Retype, exactly and completely, the listing that comes next, skipping its images.

***** Provided material *****

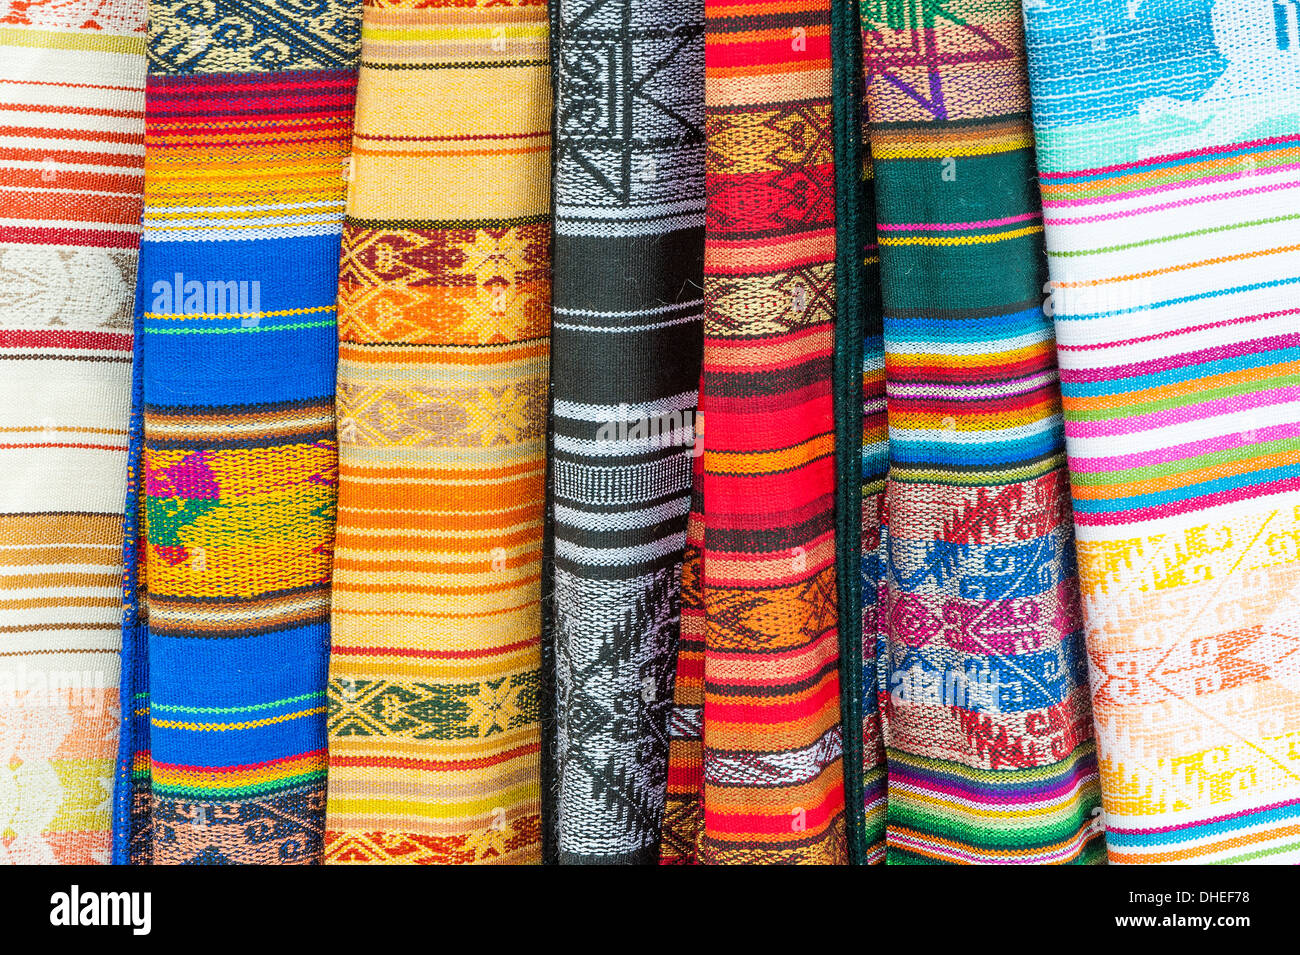 Otavalo market, traditional colourful textiles, Imbabura Province, Ecuador - Stock Image
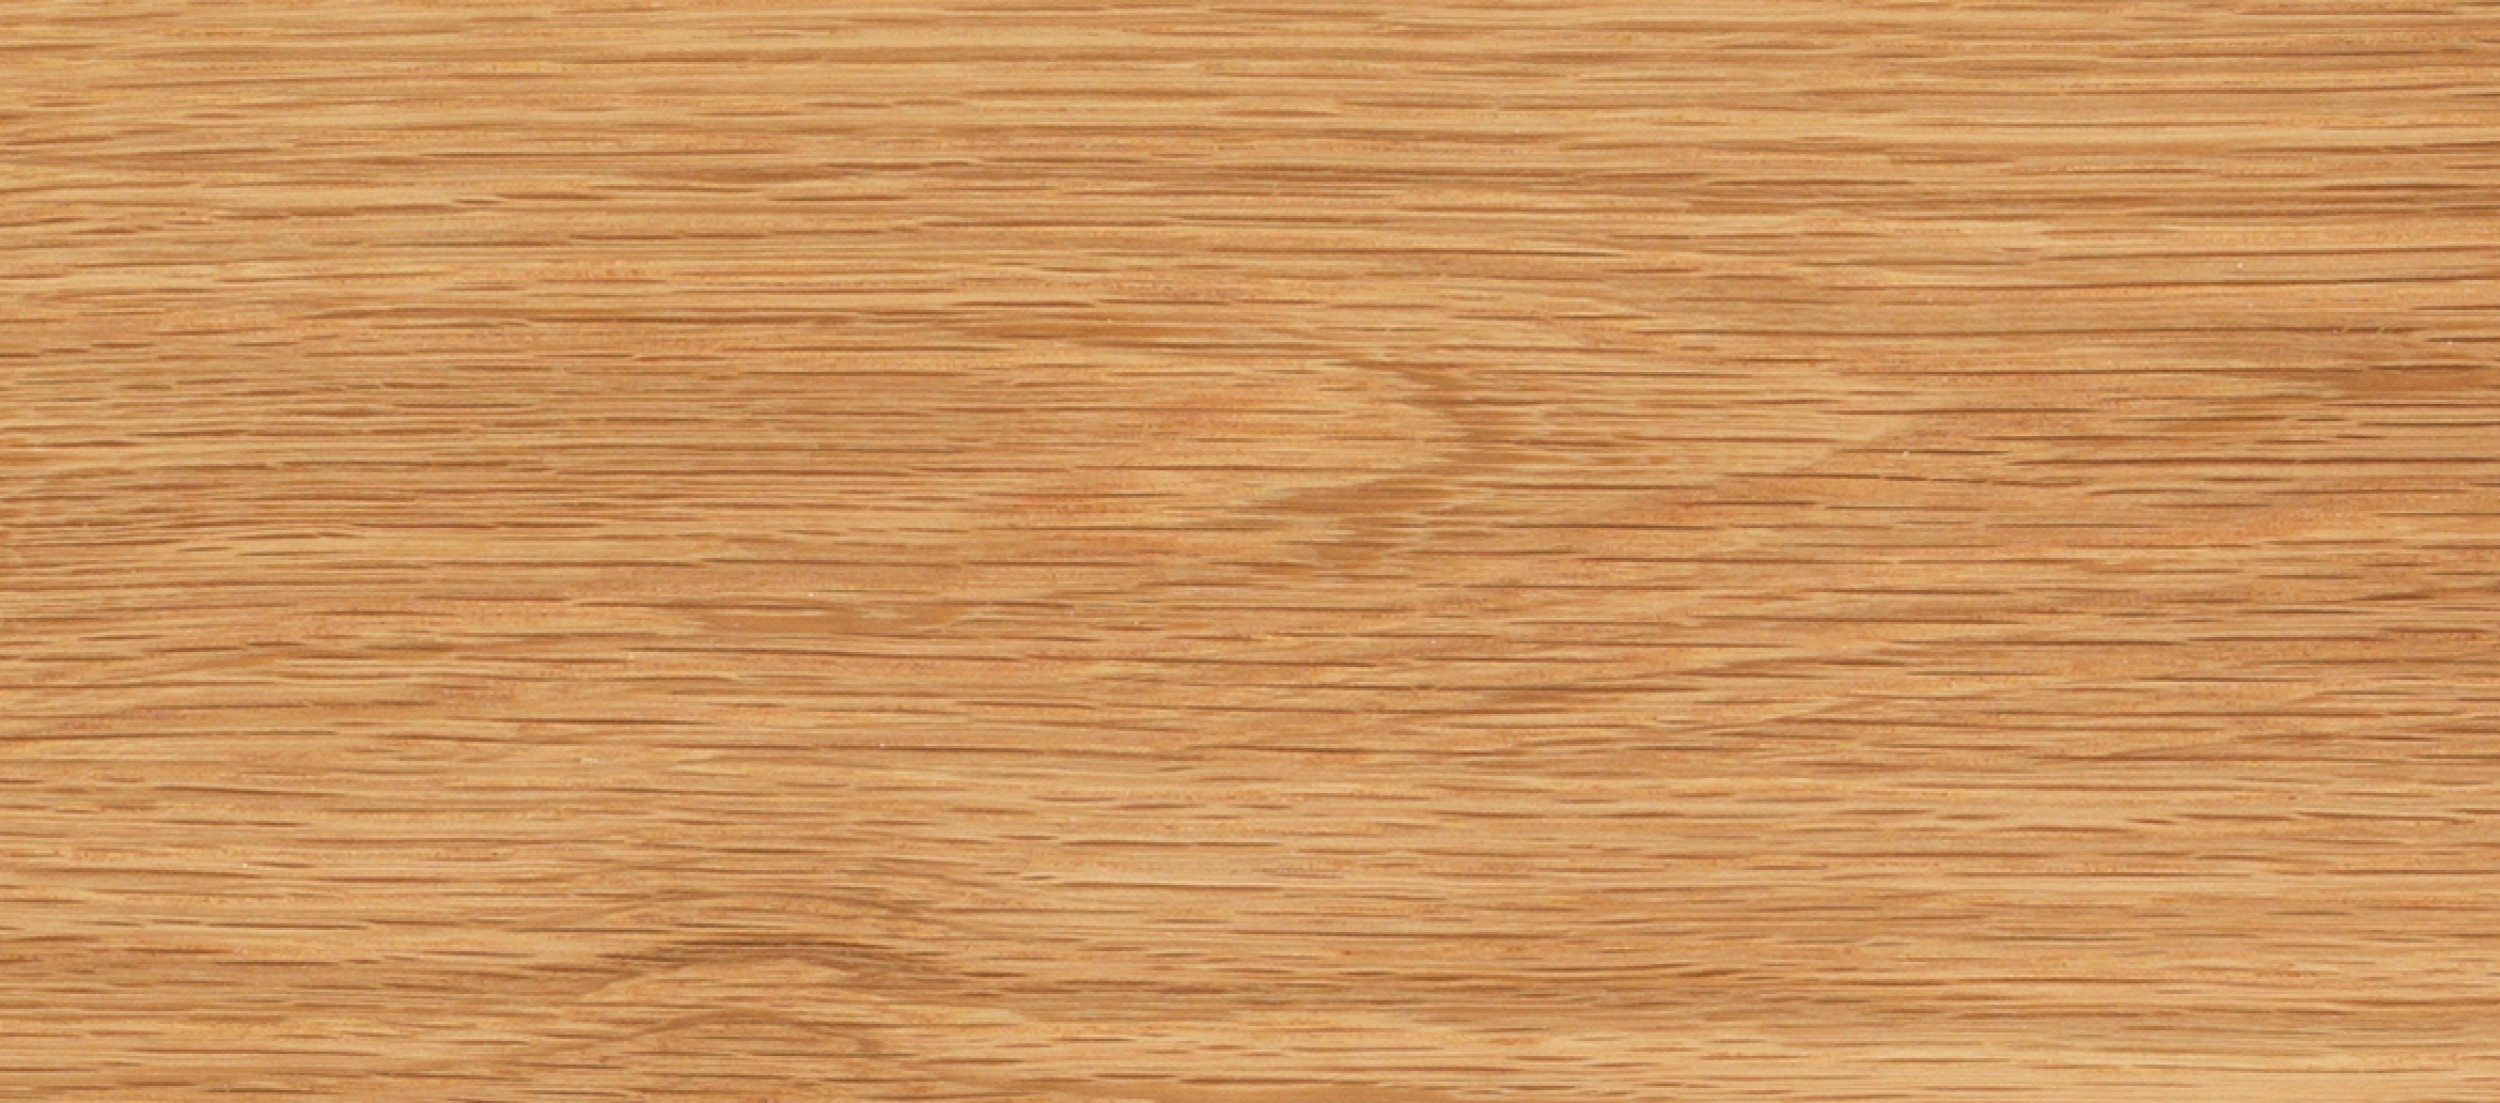 Cube Oak 3 Drawer Bedside Cabinet Quercus Living
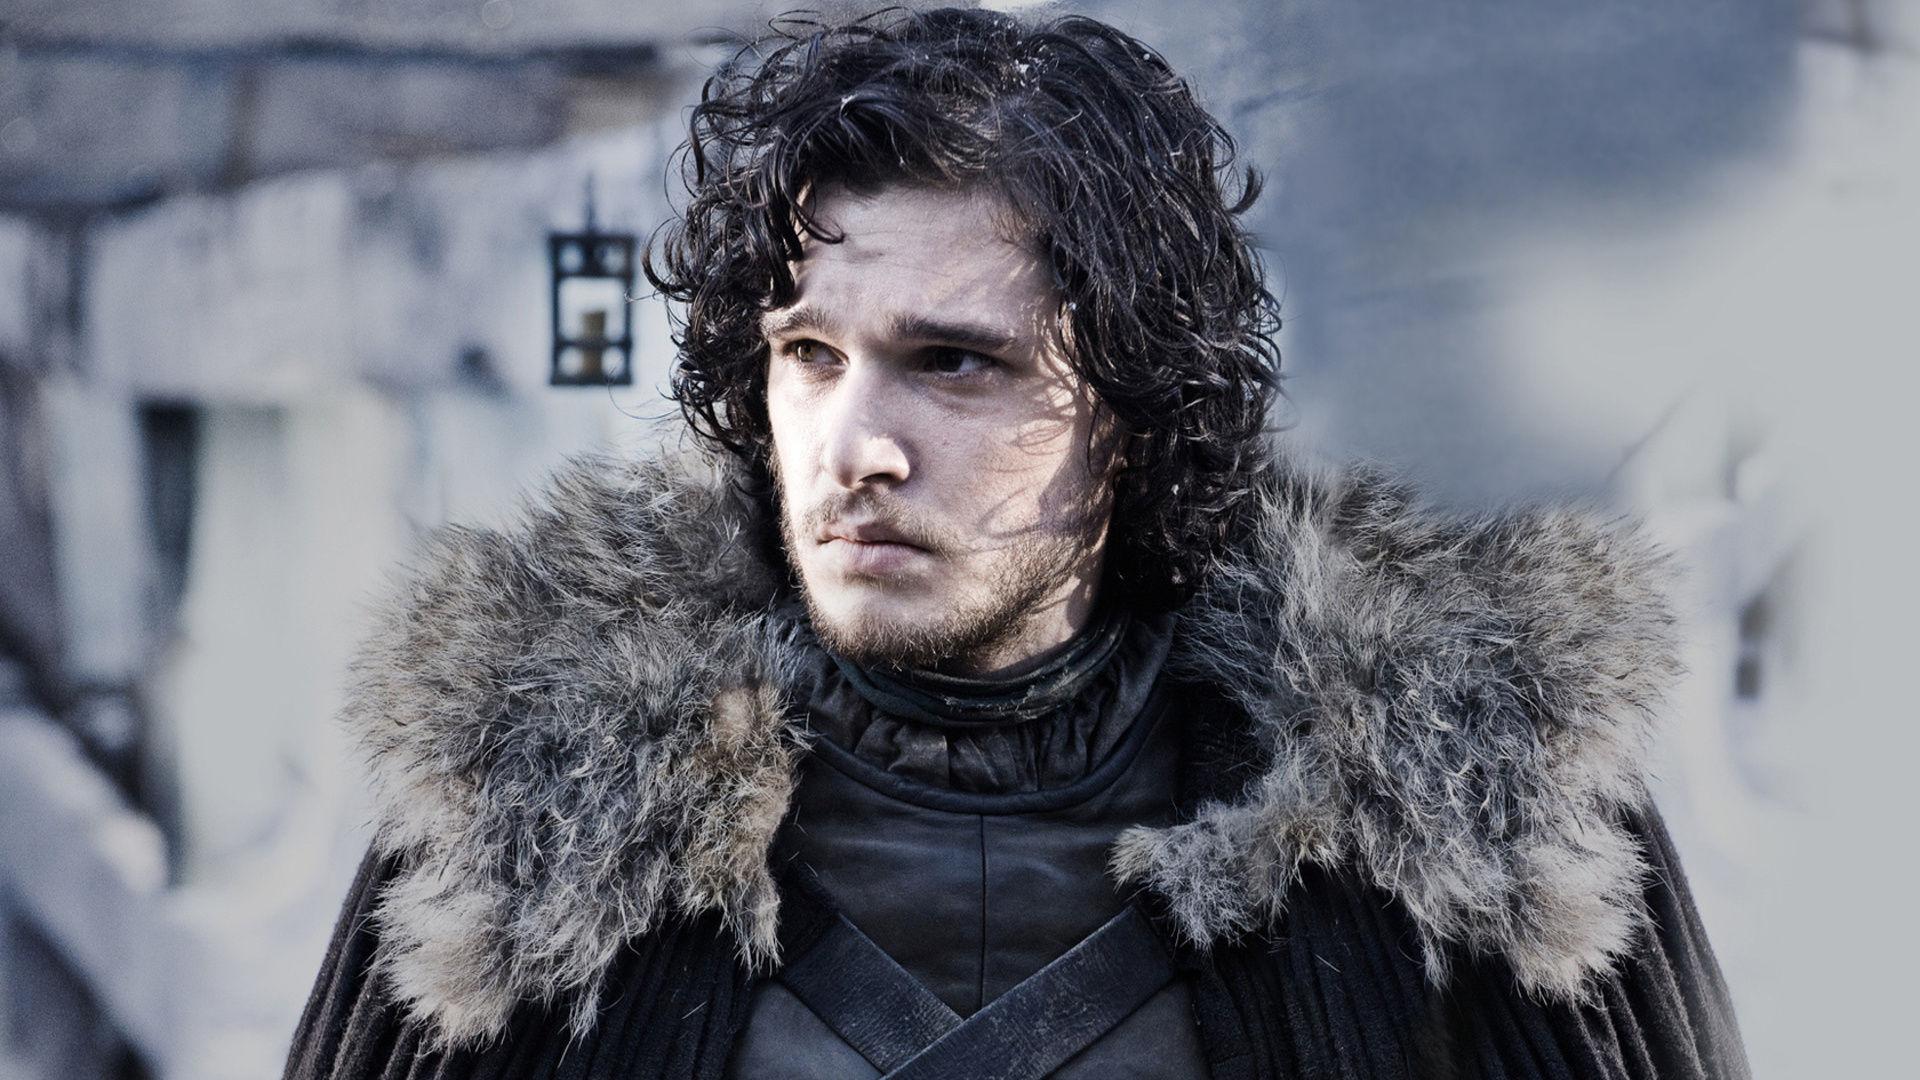 game-of-thrones-season-5-kit-harington-as-jon-snow
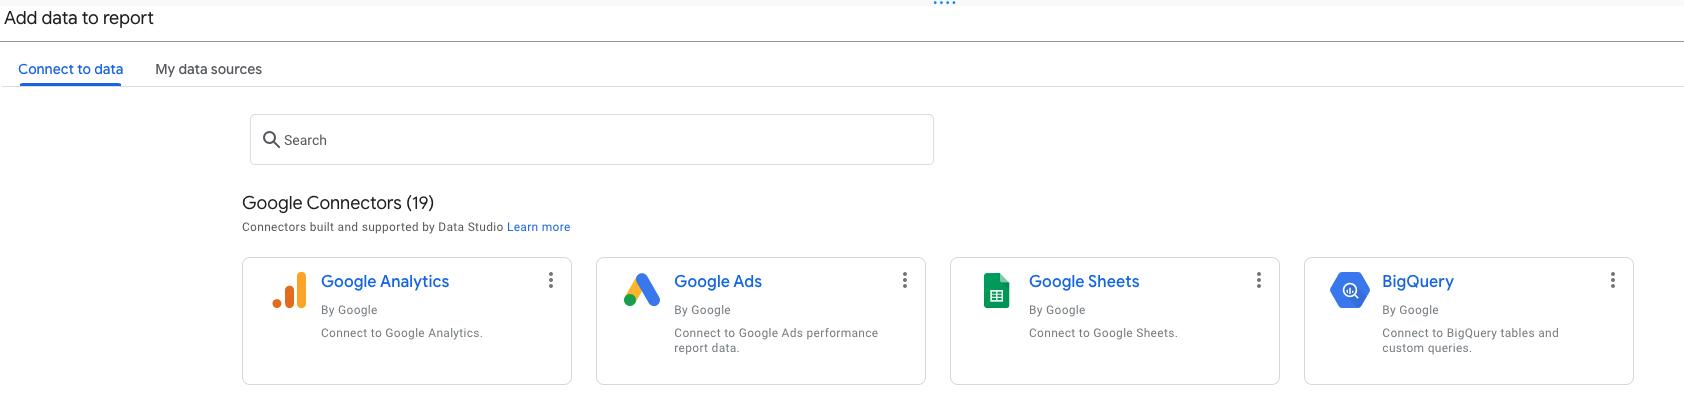 Adding Velocity Data Link as Data Source in Google Data Studio

*****

**Response area**
 Otavalo market, traditional colourful textiles, Imbabura Province, Ecuador - Stock Image
 Cube Oak 3 Drawer Bedside Cabinet Quercus Living
 game-of-thrones-season-5-kit-harington-as-jon-snow
 Adding Velocity Data Link as Data Source in Google Data Studio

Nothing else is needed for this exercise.